He supervises a crew of 10 that is responsible for keeping the two acres of grass inside the stadium perfectly manicured. (The variety, by the way, is Bermuda Latitude 36.)

The lush, green diamond is part of an impeccably groomed playing field that greets fans when they enter the ballpark. Everything about it looks flawless.

Except to Hartman.

“People come out here and they see the field and, ‘The field looks amazing.’ And that's great. I appreciate those compliments every single day,” he said.

“But that's not what I'm looking at. What I'm looking for is how is the ball rolling? How's the cleat marks? … How's my moisture in the dirt? How's my mound? How's my plate holding up?”

Hartman, 24, is a native Smithville, Missouri. A former junior college catcher, he fell in love with the exacting details of groundskeeping while working on a golf course as a teenager.

He joined the Wind Surge in March after working the last two years for a minor league team near Austin, Texas.

Hartman works 90 hours a week when the Wind Surge is at home, and nearly as many when the team is on the road.

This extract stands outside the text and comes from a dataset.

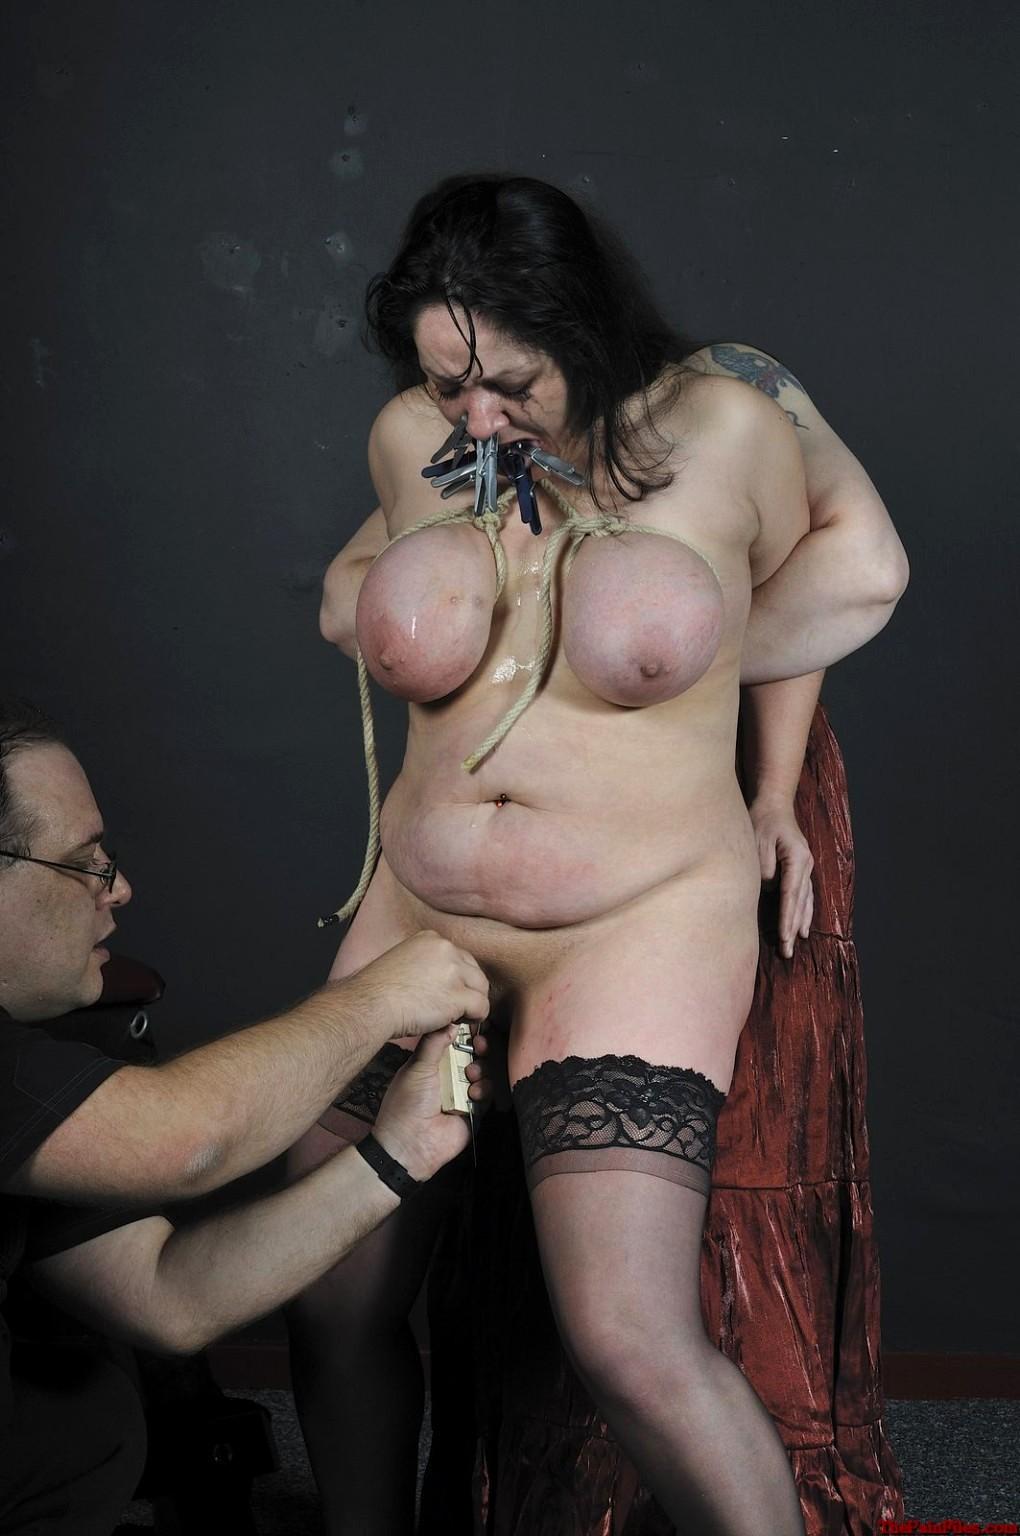 Babe Today The Pain Files Andrea Jay Mistress Jay Funny -5985

And his job doesn’t stop when play starts: During games, Hartman jots down notes on potential problems he sees, like a ball taking a bad hop or a patch of grass that needs work.

“I think every groundskeeper’s a perfectionist,” he said. “I'm working on the job and always scanning everything and looking for everything.

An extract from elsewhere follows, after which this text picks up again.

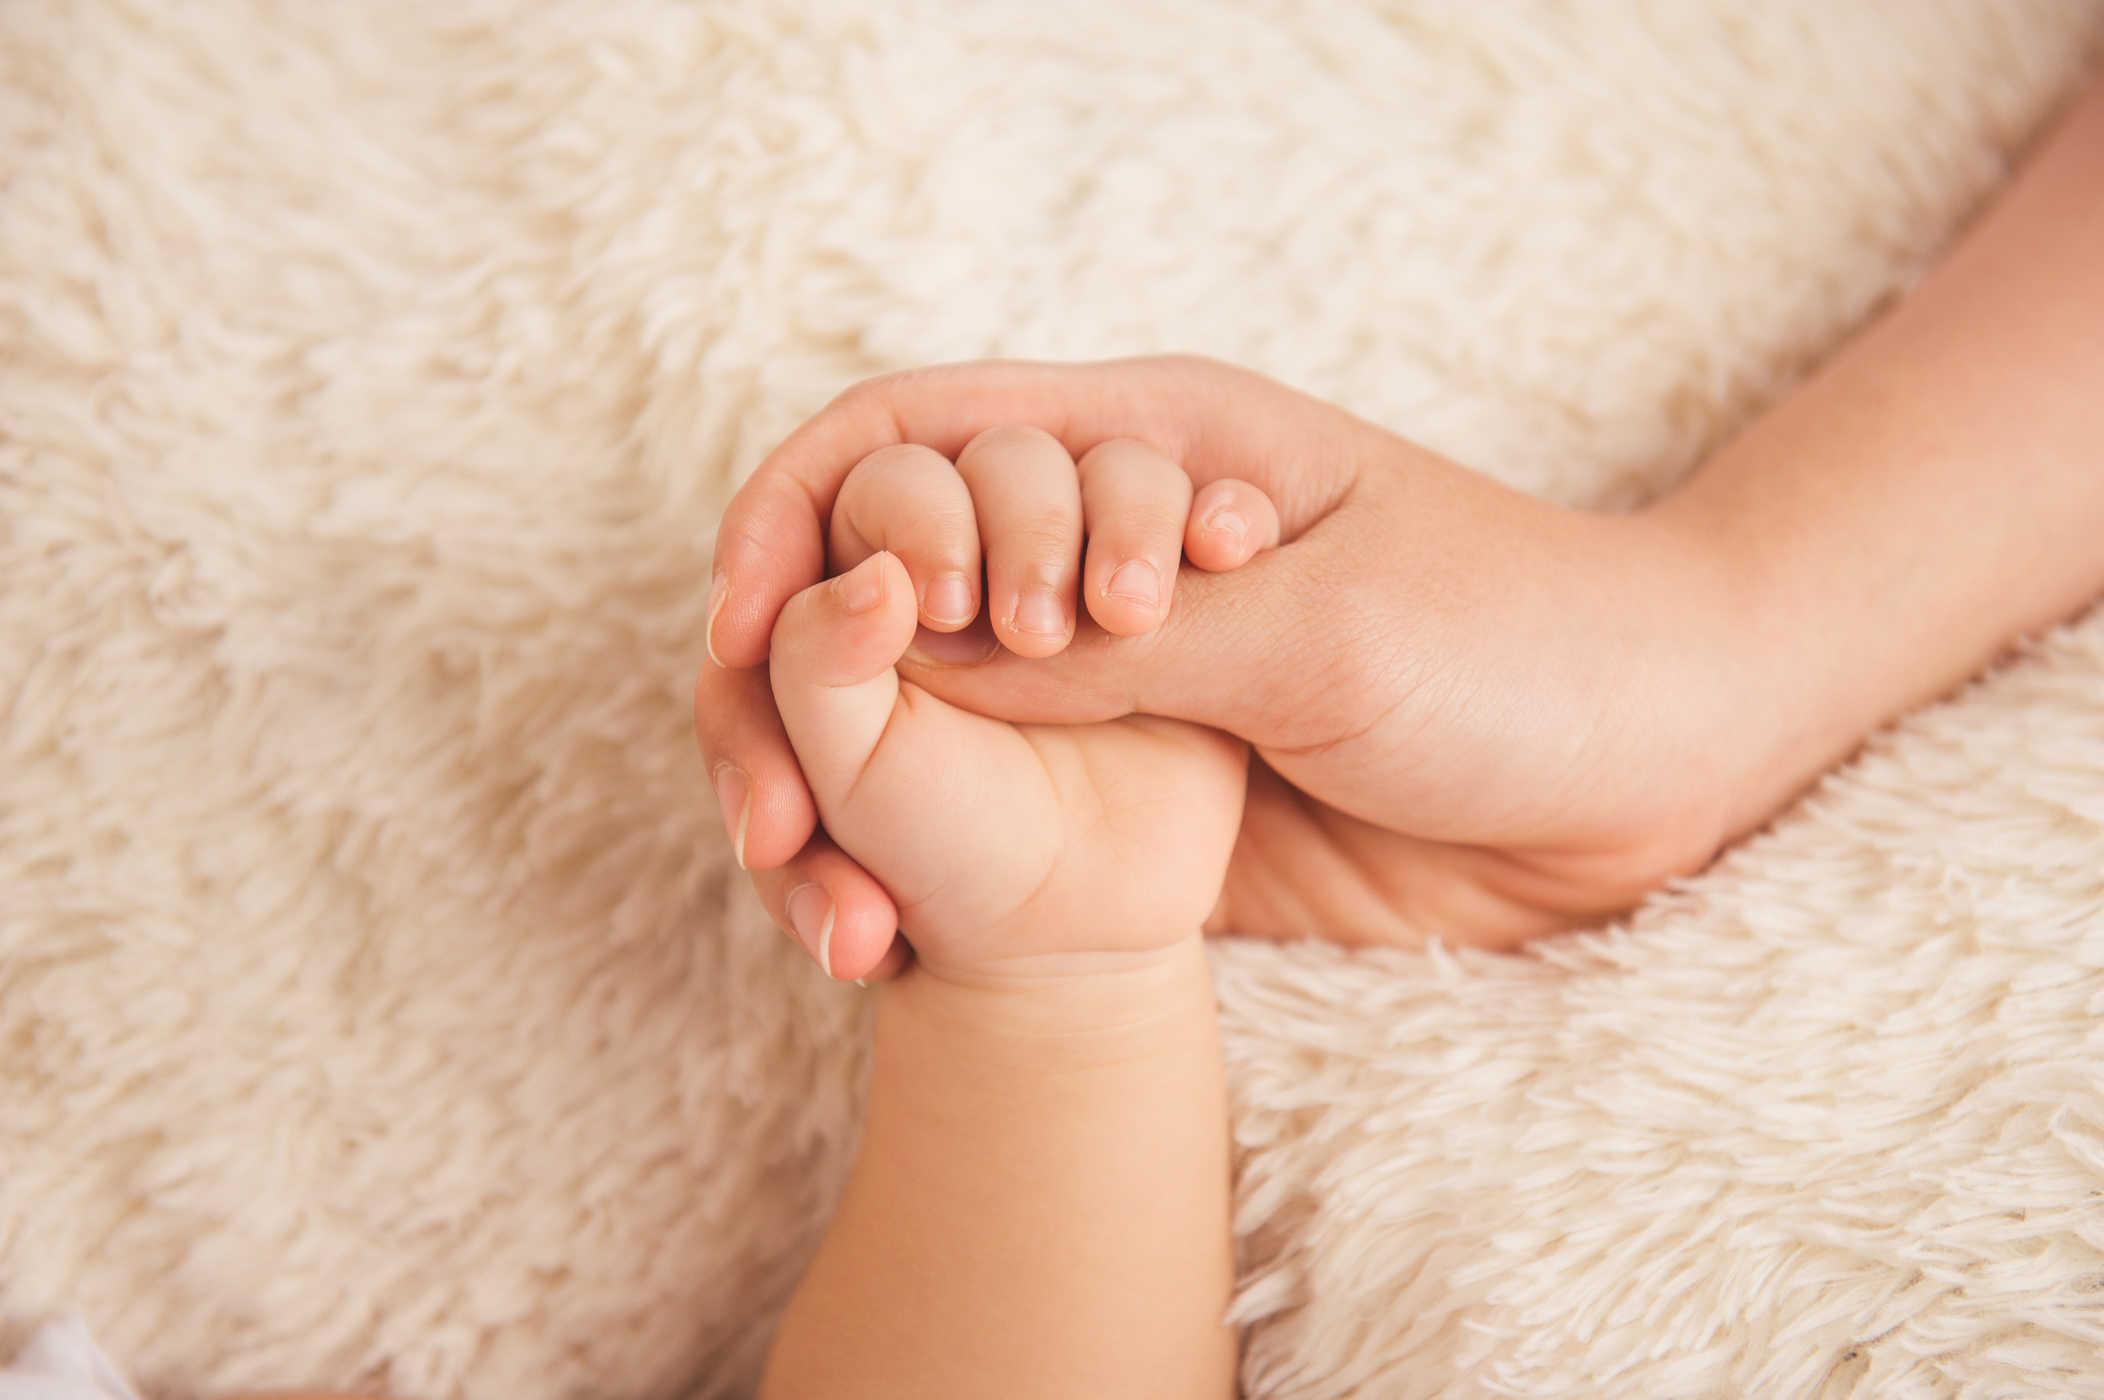 Chăm sóc móng tay tại nhà đơn giản

“And if there's something just out of order or out of line, it's gotta be fixed.”

The consequences of having a well-groomed field go beyond aesthetics. A substandard playing surface can cause the ball to bounce erratically. That can lead to errors, which can tarnish a minor league player’s resume as he tries to impress a major league team.

Andrew Bechtold plays first and third base for the Wind Surge. He said players sometimes don’t realize how good the field is at Riverfront Stadium until they play somewhere else.

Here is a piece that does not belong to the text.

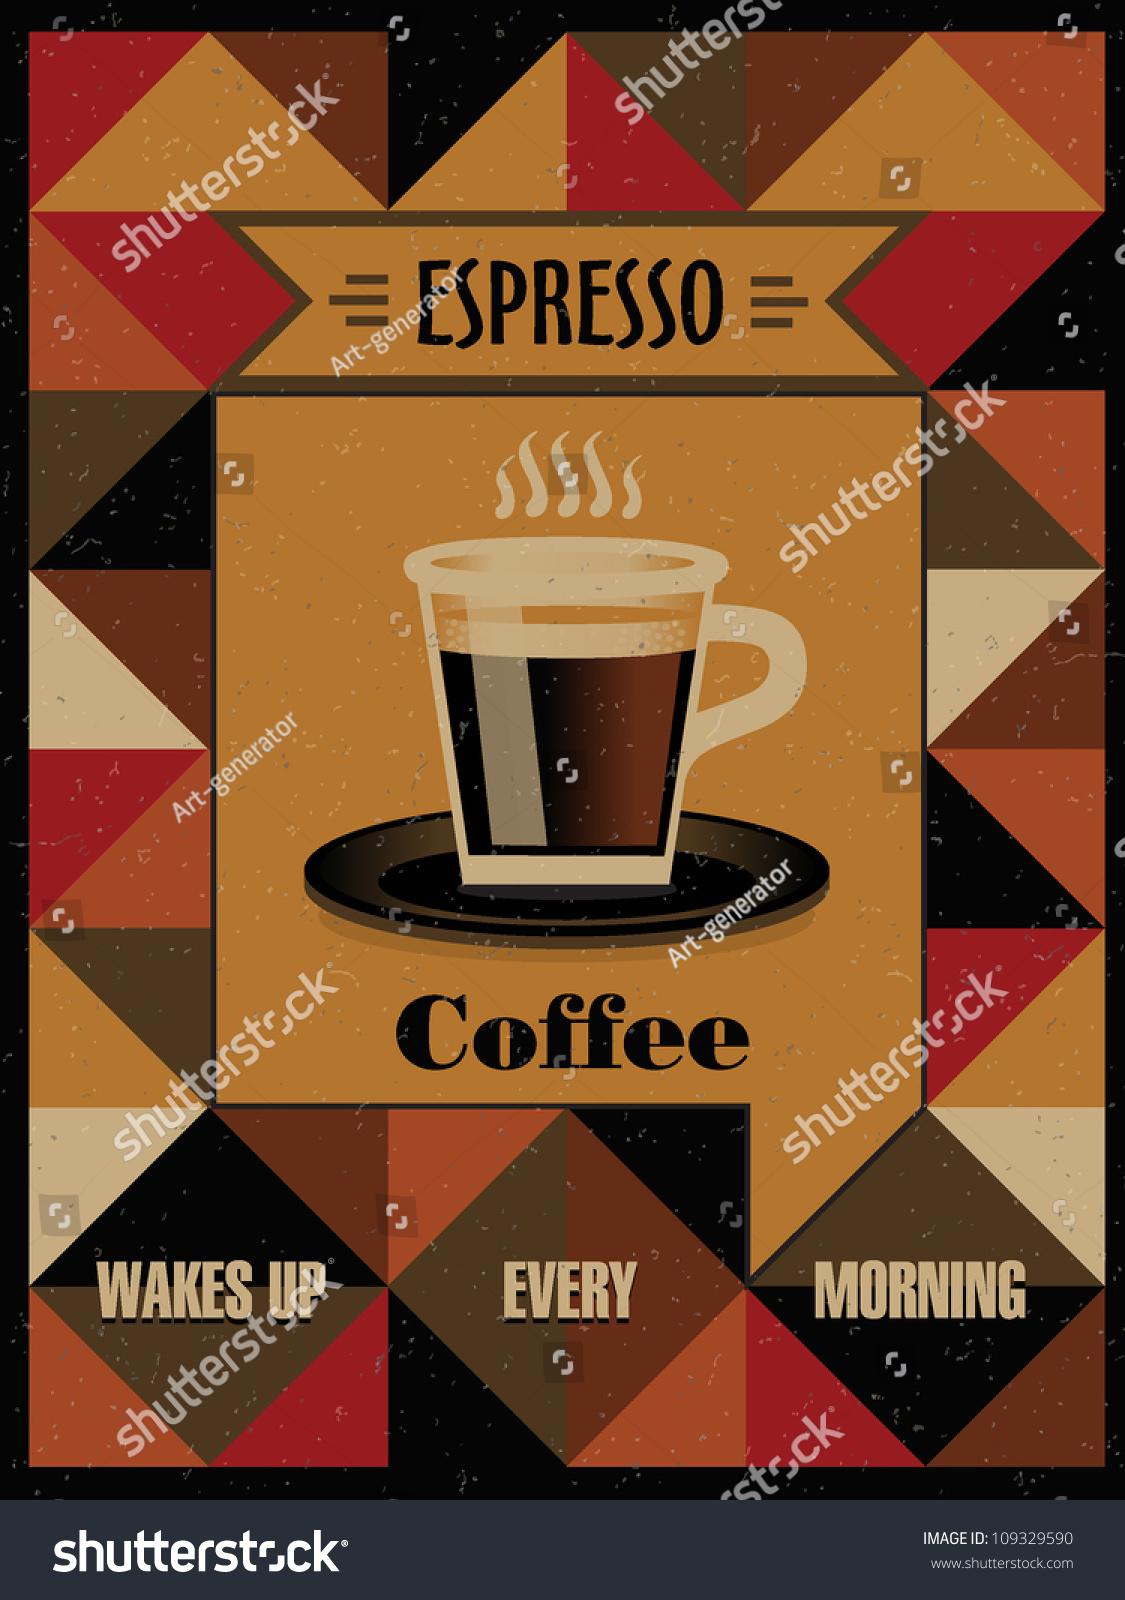 Coffee Espresso Retro Poster Stock Vector 109329590 - Shutterstock

“I mean, we play on some surfaces where the first inning and the third inning, it's completely different texture and it's completely different level of firmness as far as … the ball bouncing and stuff like that,” Bechtold said.

“But … here in Wichita, they do a pretty good job of keeping it consistent. And that helps us a lot while we're playing.”

Hartman’s day starts between 7:30 and 8 in the morning. He works on the field until 3 p.m., when the teams take batting practice.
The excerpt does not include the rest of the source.